The other big problem with all these Muslims i know, they invest in crap ‘halal funds’ - i asked him if he really really cared about ‘shariah compliant halal only investments’ - he said no. There’s no good shariah compliant halal etf with low expense ratio. Now he’s in sp500 because he actually didn’t care about that - his Pakistani Muslim financial advisor thought he did.
So, I actually do care about this. There may have been/are terrible funds like that, but there are others performing well. Wahed investments being one (among others), fairly low cost, performance pretty close to S&P 500.
 
So, I actually do care about this. There may have been/are terrible funds like that, but there are others performing well. Wahed investments being one (among others), fairly low cost, performance pretty close to S&P 500.

Is it low cost like Voo - 0.03 expense ratio?

No.

The biggest difference in returns is from 2 things:

1) fees
2) asset allocation

That’s it.
 
So, I actually do care about this.
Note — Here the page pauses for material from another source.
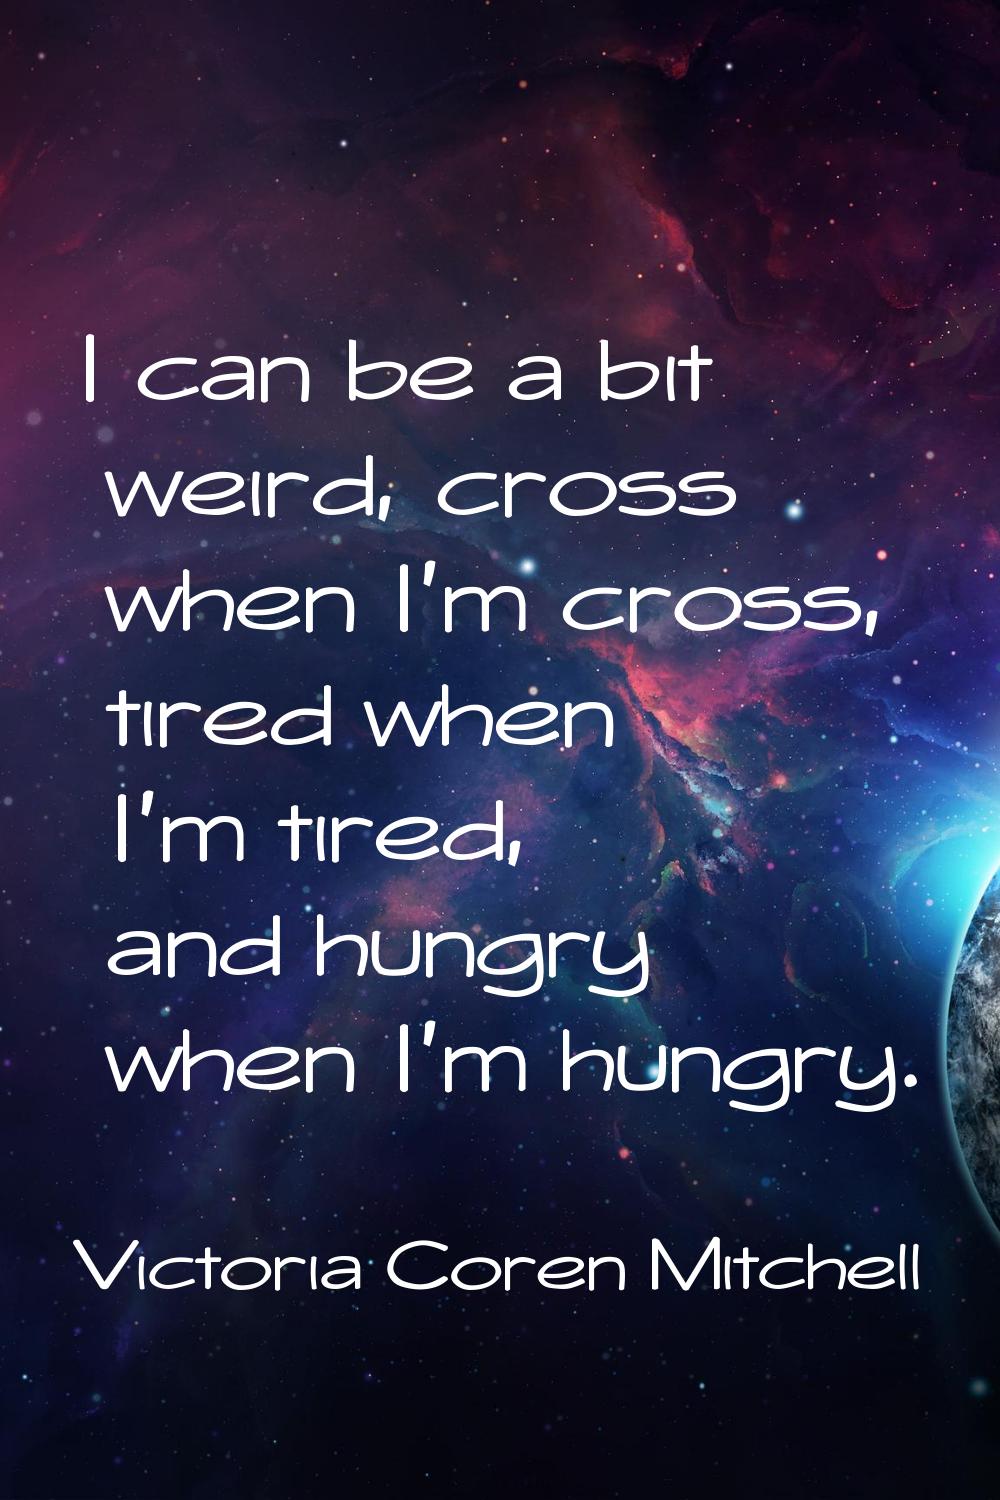 I can be a bit weird, cross when I'm cross, tired when I'm tired, and hungry when I'm hungry.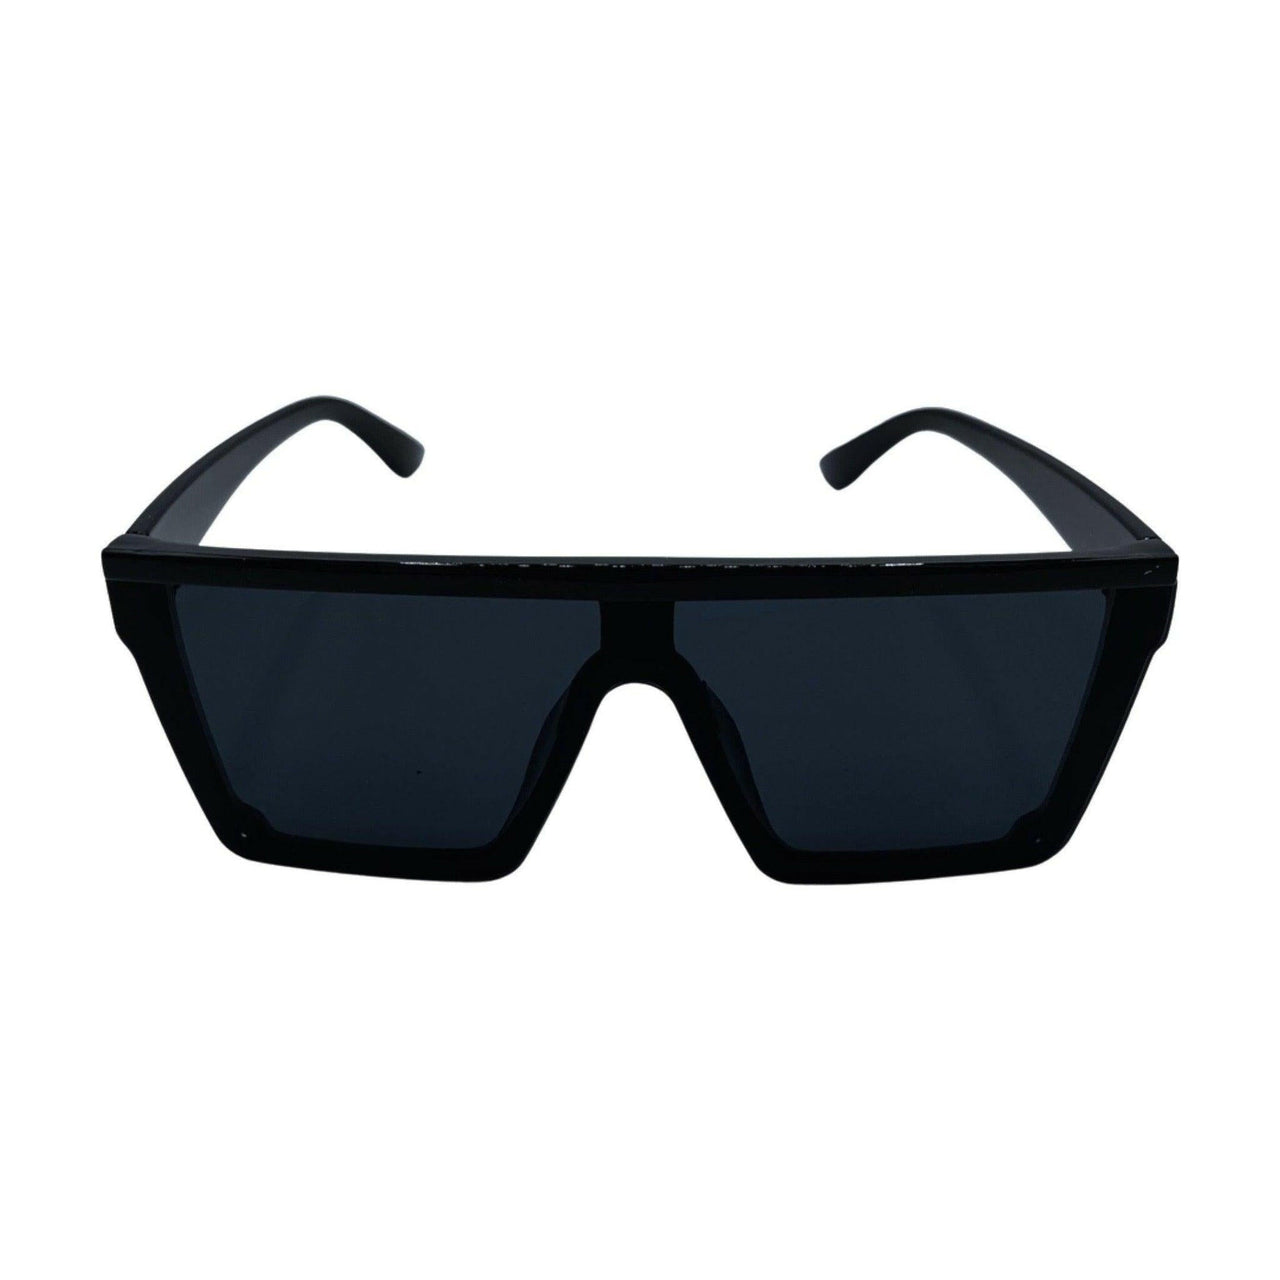 Black OG Sunglasses

There may have been/are terrible funds like that, but there are others performing well. Wahed investments being one (among others), fairly low cost, performance pretty close to S&P 500.

Also cool fun trick.

You can go through the holdings of your portfolio at wahed, create a pie at m1finance that mimics it. And boom - 0% fee, complete automation.

Keep 5000 at wahed so you can look at their portfolio of what they’re doing so occasionally you can change things around to continue mimicking them.

if/once you have a big portfolio, the 0.5% they charge will really be millions over a lifetime. Think about it…it’s very easy to set up a pie on m1 finance with hundreds of companies.
 
I'm pretty sure most/all kids learn the basics of interest and compounding in high school math. I'd venture to guess the overwhelming majority of those lessons make the explicit connection to wealth growth. I can't speak to all states, but mine also had a semester of economics as a graduation requirement that touched on personal finance. A tons of schools also have Junior Achievement programs that go further into the stock market itself.

The problem, as often is the case, is not the school, but the students. Even if you mandated more personal-finance classes, the average student will just not care. This was the case when I was in high school, but I hear it's even worse now.
I digress, but I’ve thought about this. We had senior year required courses: Econ and Participation in Government (fondly known as PIG). But if you took AP US History, you could place out of both. So I’ve never actually taken an economics class, which I regret.
 
I digress, but I’ve thought about this. We had senior year required courses: Econ and Participation in Government (fondly known as PIG). But if you took AP US History, you could place out of both. So I’ve never actually taken an economics class, which I regret.
I’ve taken an economics class in college.

It didn’t teach me any personal finance - so no compound interest, investing early, value of time in market, tax loop holes, Roth vs traditional iras, back door roths, 4% rule, how to invest in broad diversified etfs/mutual funds.

Yup……i honestly didn’t even understand a Roth account until i was a pgy3.
 
I think there is a huge difference between "learning" some math, interest, economics, etc VERSUS being taught pragmatic functional personal / life finance.

Even the VERY basics for an EM Doc coming out of training-- Here is how to max your retirement savings with your basic work accounts, here is a checking account to keep 20k in, here is a fidelity account to sweep other stuff you are saving in and put it in 80% SP500 and 20% International, here is a goal of per-year savings to work towards if you want to be able to cut back at 45 and walk at 55... it is SHOCKING the amount of people who just know zero of this. Much less anything slightly more advanced.
 
Going back to the gratitude theme.

I do think goals are important for a lot of personalities that go into medicine (and the type that come onto SDN). We can all maximize work for maximal income for maximal high score when we are 60...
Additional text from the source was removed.